# Information provided
☆ ☆ ☆
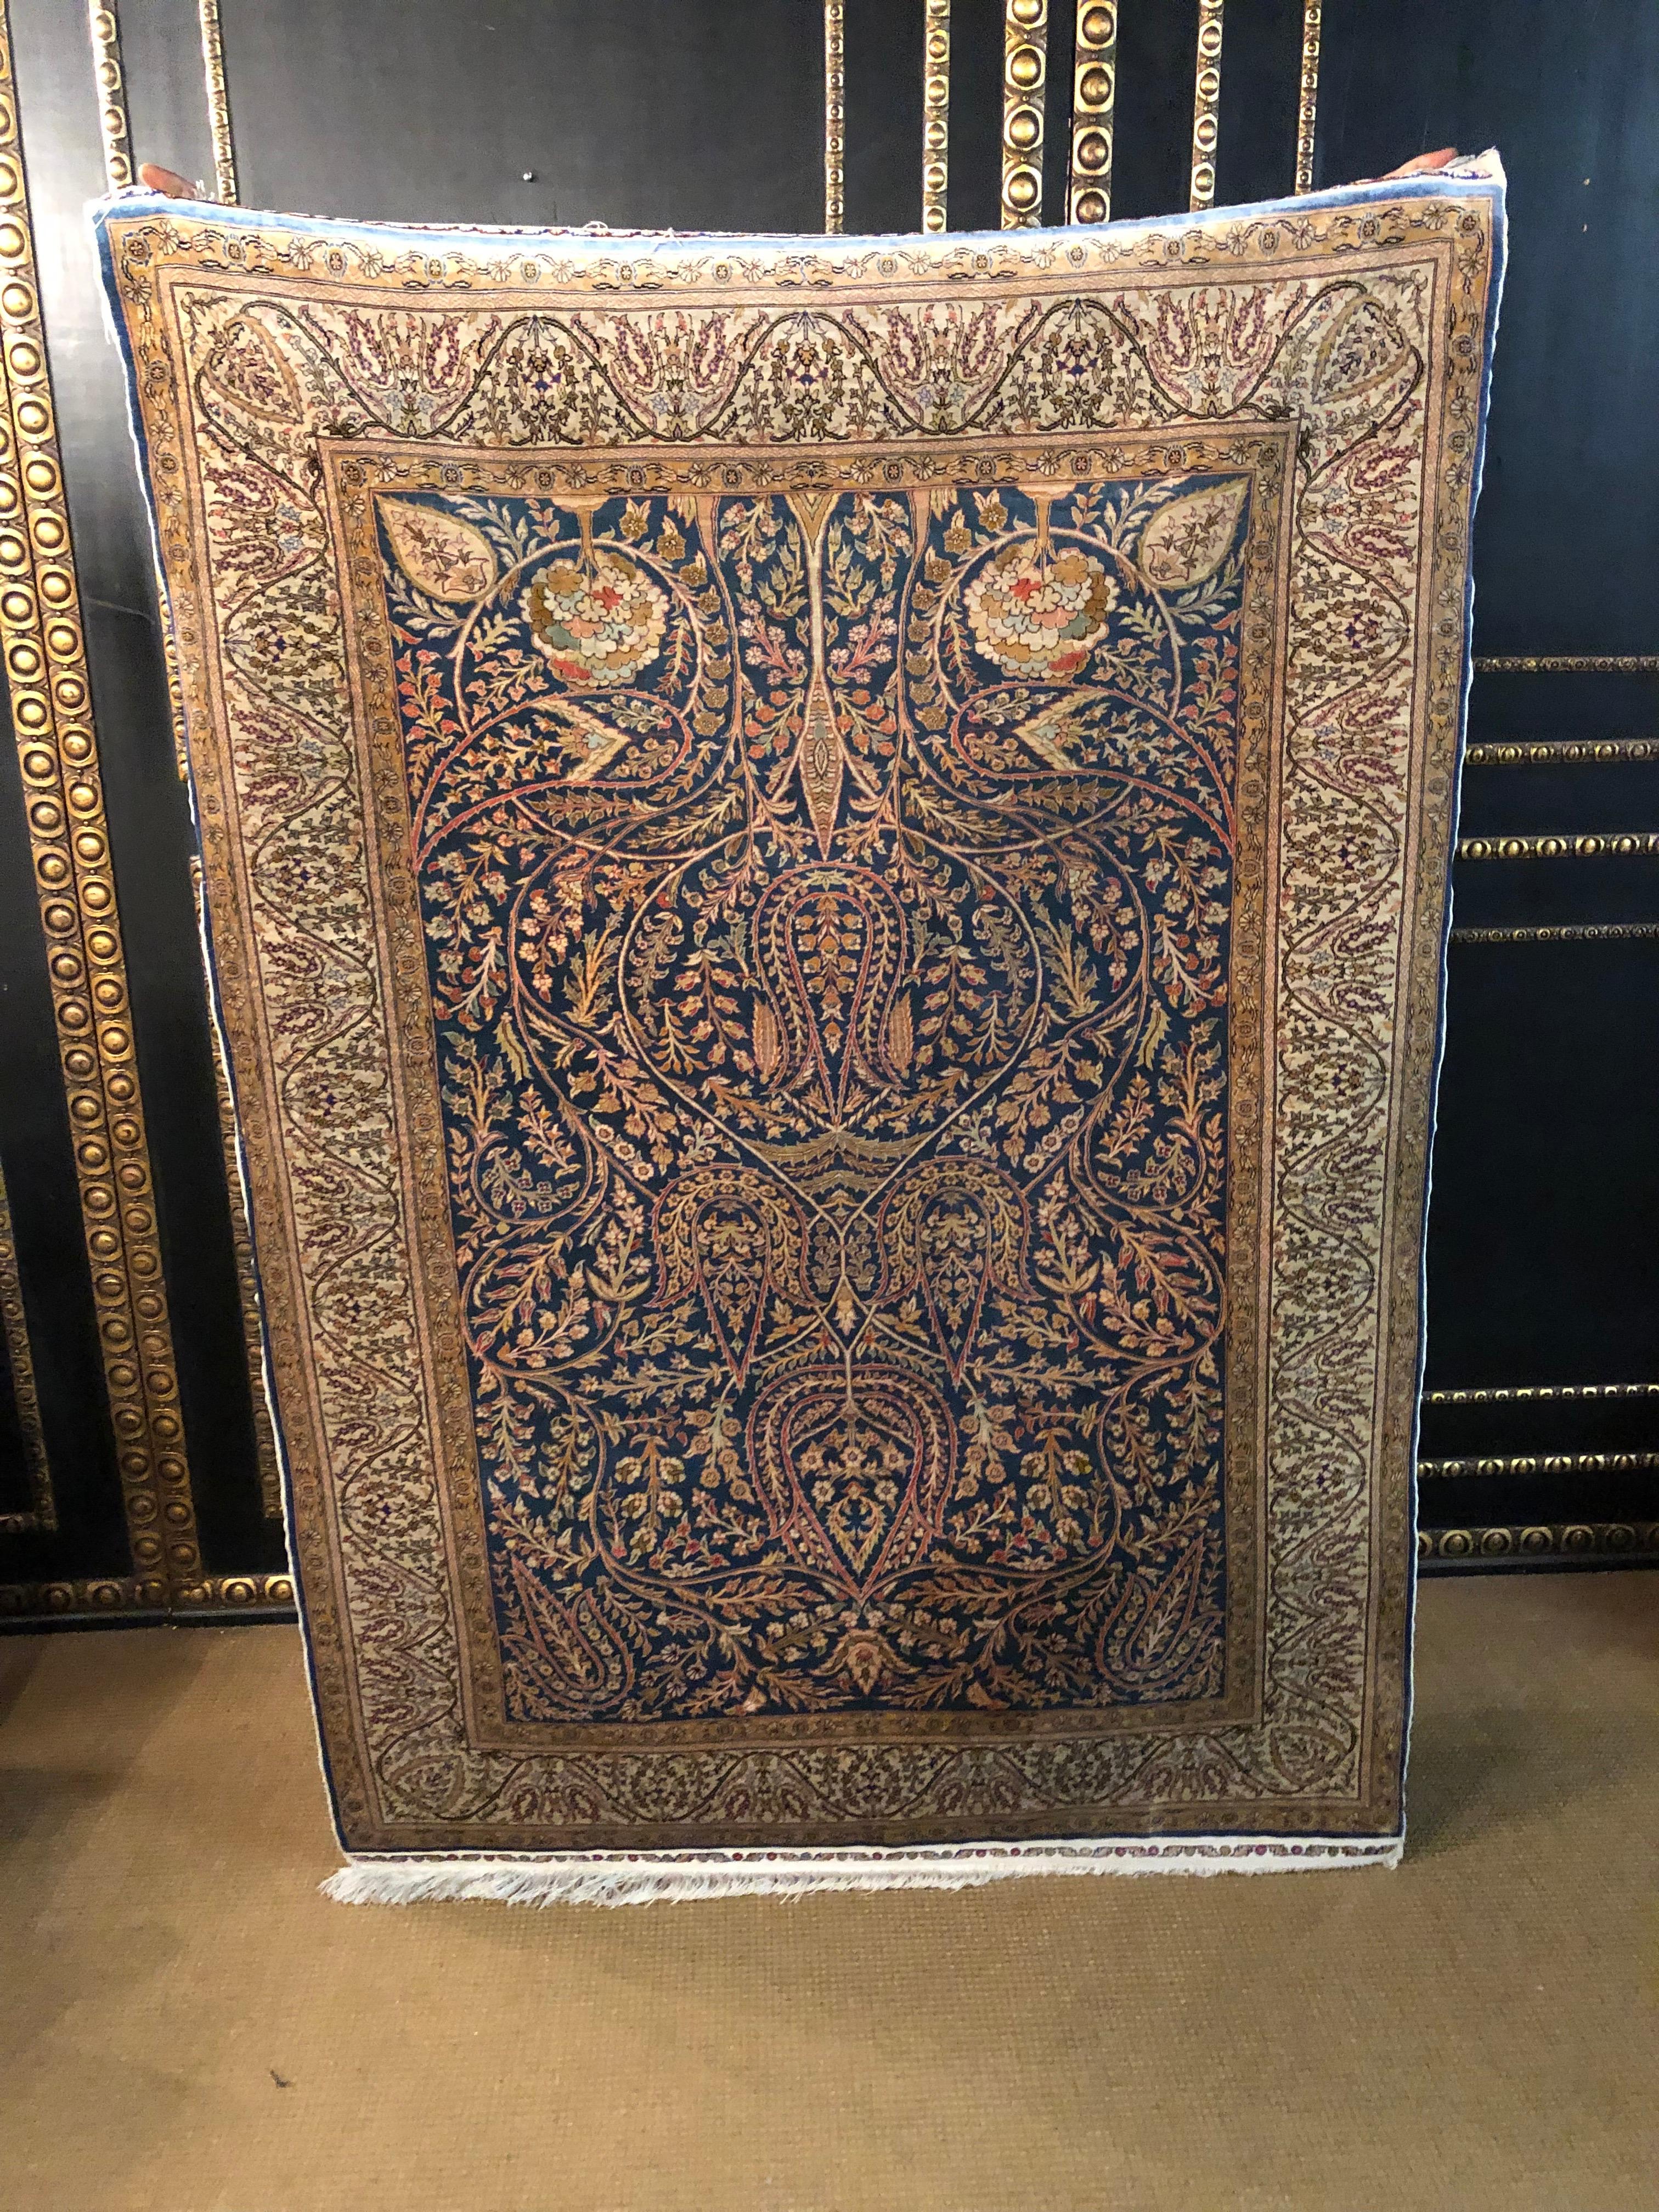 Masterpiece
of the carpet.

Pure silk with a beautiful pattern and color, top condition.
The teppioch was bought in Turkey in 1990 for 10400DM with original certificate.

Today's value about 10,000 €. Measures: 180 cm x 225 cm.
☆ ☆ ☆
# Aim of the task
Search the records above for the word "with", then say how many lines contain it. Give the number alone.

# Reply
2